US large-caps show a wider gap: -12.7% average bias. The models appear to systematically undervalue Apple, Microsoft, NVIDIA, and peers. One hypothesis: this reflects a structural limitation of DCF valuation for companies whose market premiums reflect optionality, ecosystem lock-in, and narrative that conservative cash-flow modeling struggles to capture. But four days of data is insufficient to separate structural bias from noise, and this split could narrow or widen as more data arrives.

The Economics

Running five competing AI analysts across 23 companies costs approximately $45 per month. The cost differences across providers are striking — and in the initial data, don't appear to correlate with output quality.

DeepSeek processes 1,000 valuations for $2.07 — seventeen times cheaper than Claude at $36.36. In the initial period, DeepSeek achieved 100% validity, compared to Claude's 90.2%. Grok completes valuations in 7.7 seconds — 3.4 times faster than Claude's 26.5 seconds. The pricing reflects how different providers position their API tiers: some charge a premium for their brand, others compete aggressively on cost.

The weekly AI Signals report, auto-generated by Claude Sonnet, costs $0.034 per issue.

For context, a single junior equity analyst's monthly salary would fund this system for decades. The question isn't whether AI can replace analysts — it's what happens when you run multiple AI perspectives simultaneously and let them disagree.

Early Takeaways

Four days is not enough to draw conclusions — but it is enough to formulate questions worth tracking.

Do LLMs have a systematic conservative bias in valuation? All five models lean bearish in the initial data. If this persists over weeks and months, it would suggest a structural property of how language models reason about financial uncertainty. If it reverses, the initial pattern was noise.

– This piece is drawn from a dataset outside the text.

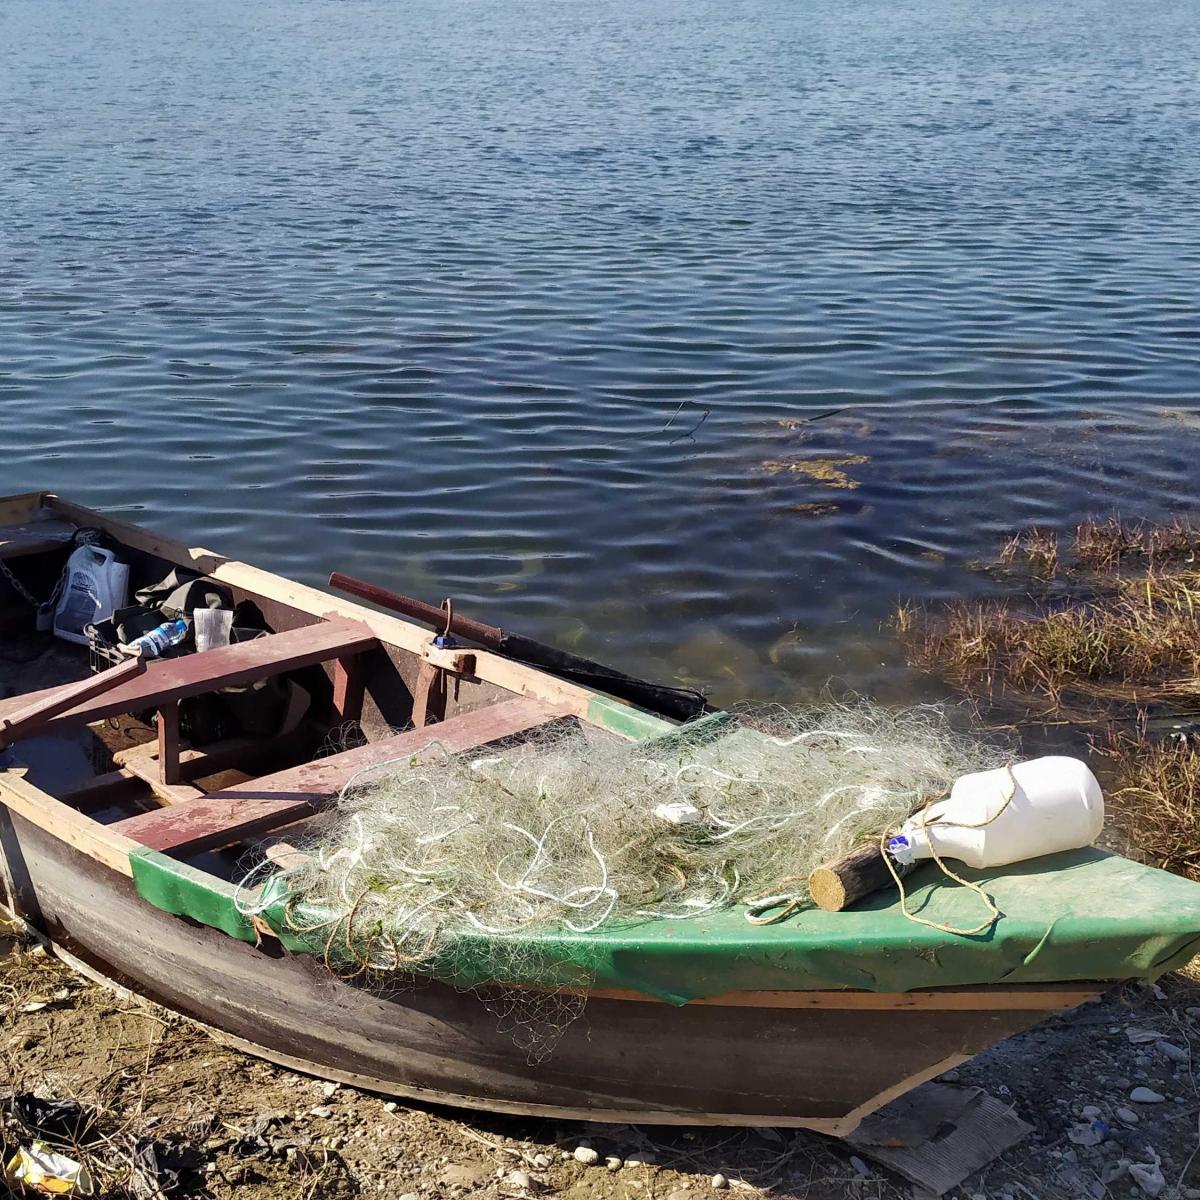 With support from USAID, Arkan was able to purchase a new boat and fishing equipment to restart his business.

Does model diversity create useful signal? The disagreements between models — Claude's relative optimism, GPT's mechanical conservatism, DeepSeek's cheap reliability — are interesting precisely because they're consistent across companies. Whether model spread is predictive of anything remains to be seen.

Does cost predict quality? DeepSeek's strong initial performance at the lowest cost challenges the assumption that expensive models produce better structured output. But four days is too thin to generalize — validity rates and bias patterns may converge or diverge with more data.

What are the limits of text-only reasoning? Without browsing or tool access, the models can only work with what they're given. They can't verify a rumor, check today's commodity prices, or read a fresh earnings call transcript. This constraint is intentional for now — it isolates raw reasoning ability — but future iterations may explore what happens when models can actively seek information.

How much does the framework constrain the model? Hard caps — analyst consensus ±40%, PE multiples, terminal value share limits — override the AI's raw estimate in 27-42% of valuations in the initial data. The models may be less free than they appear, and the framework itself shapes the output substantially.

This is the very beginning of an ongoing experiment. We will revisit these observations as the dataset grows, and we expect some of them to hold up and others to be revised. The honest answer to most questions right now is: we don't know yet — but we're building the infrastructure to find out.